In the Logic of Sensation, Gilles Deleuze applies his philosophy on aesthetics to the painted figures of the artist Francis Bacon, with particular focus on the sensation of “the scream”: a human cry embodied as a fall, where people “find themselves,” even when selfhood dissolves for a moment. This chapter uses the concepts, percepts and affects of a Deleuzian scream to study three heterogeneous aesthetic experiences. First, Danko Stante’s film Consequences, a pioneer LGBTQI+ movie from Slovenia, is discussed highlighting the logics of powers exerted on an individual, ultimately resulting in a cinematic expression of a scream.
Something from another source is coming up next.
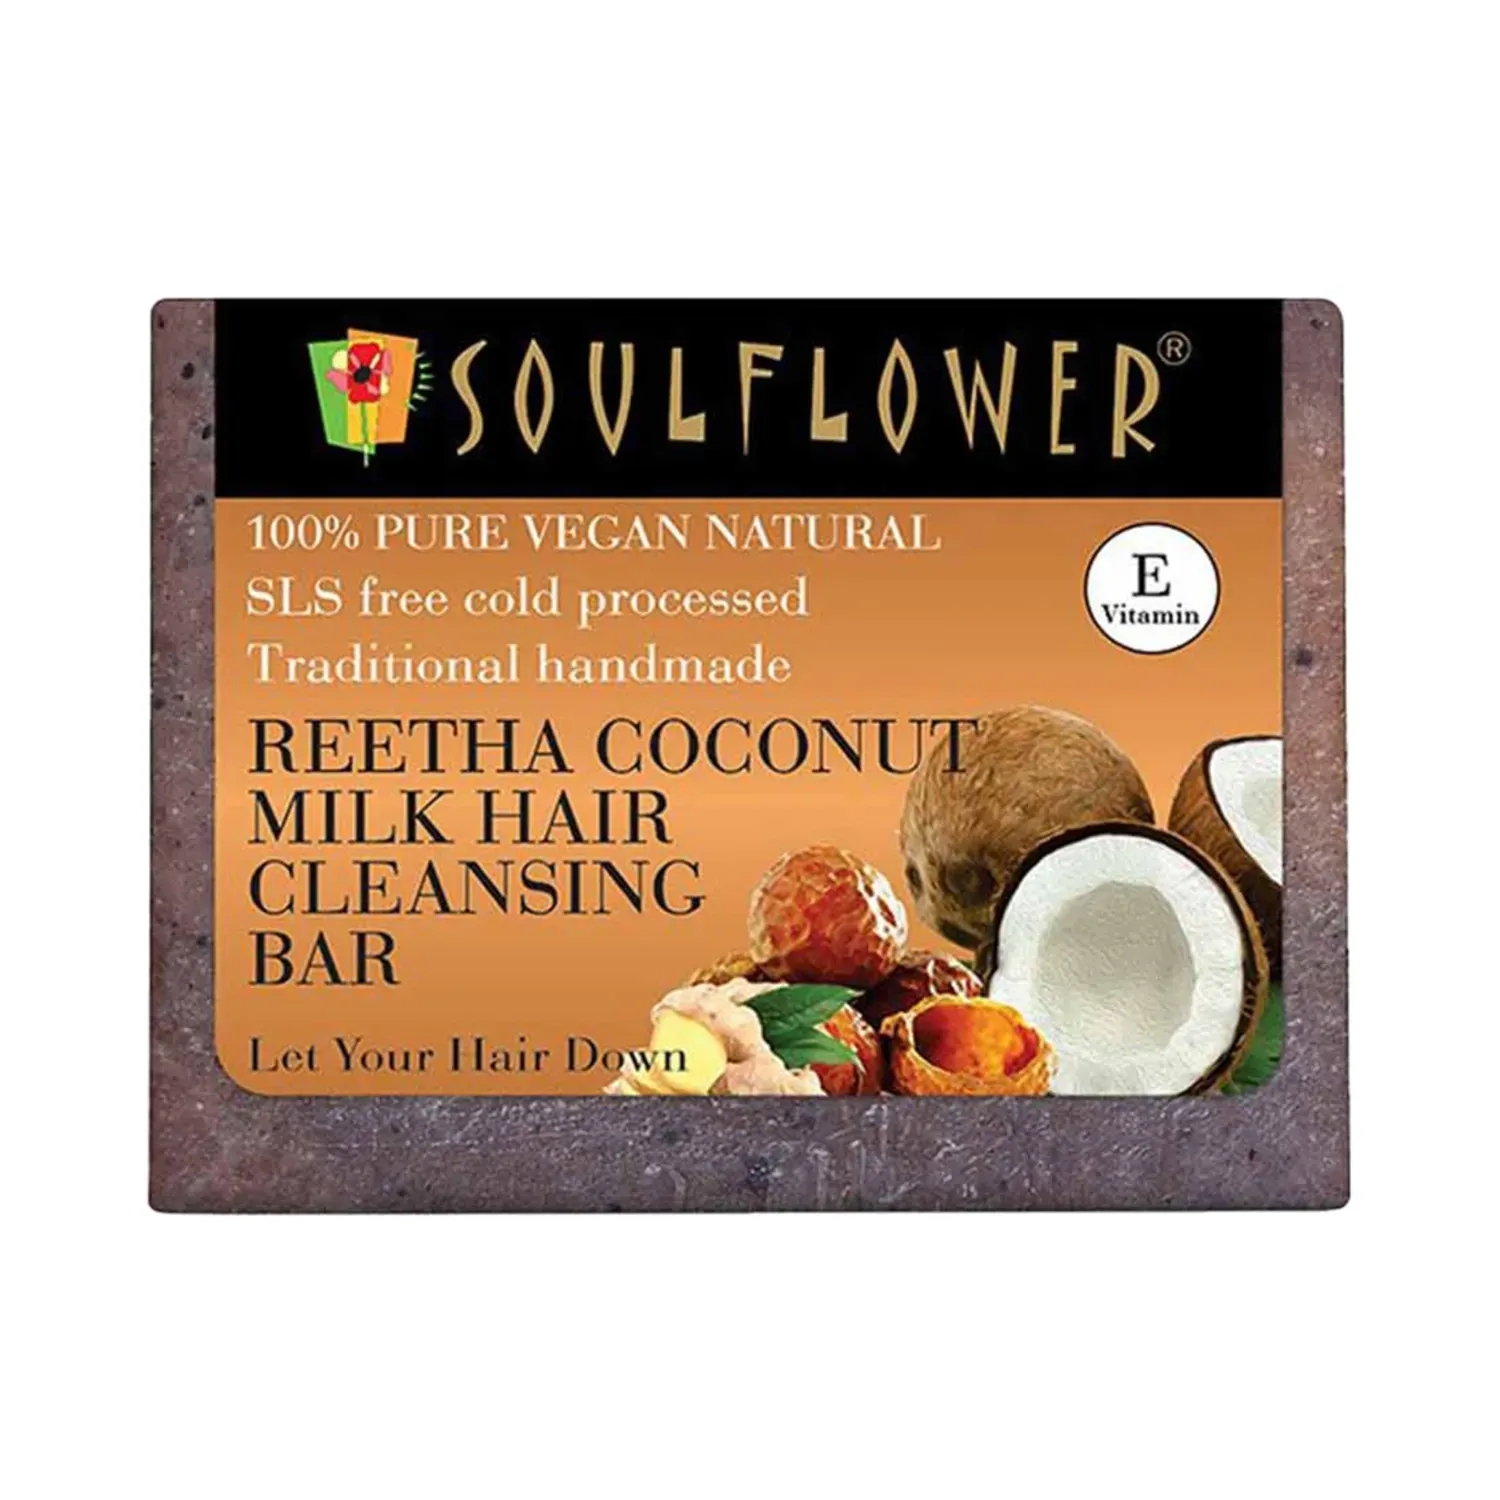 Soulflower Reetha Coconut Milk Hair Cleansing Bar Soap - (150g)

Next, the short film pros-thesis, directed by Lawrence Buttigieg, is explored seeking how a scream gets encoded into moving images from the perspective of a painter. Lastly, the sensation of a scream is applied to explore masochistic experiences founded on the social media website of financial domination (#Findom). In this way, the chapter is constructed as a triptych, indicating the trajectory of the erotic in contemporary societies. Today, new forms of scream are experienced after the COVID-19 pandemic. Tracing the signs of the times, this research reveals a “new normal” of artistic expression in the 21st century: the self as erotic figure.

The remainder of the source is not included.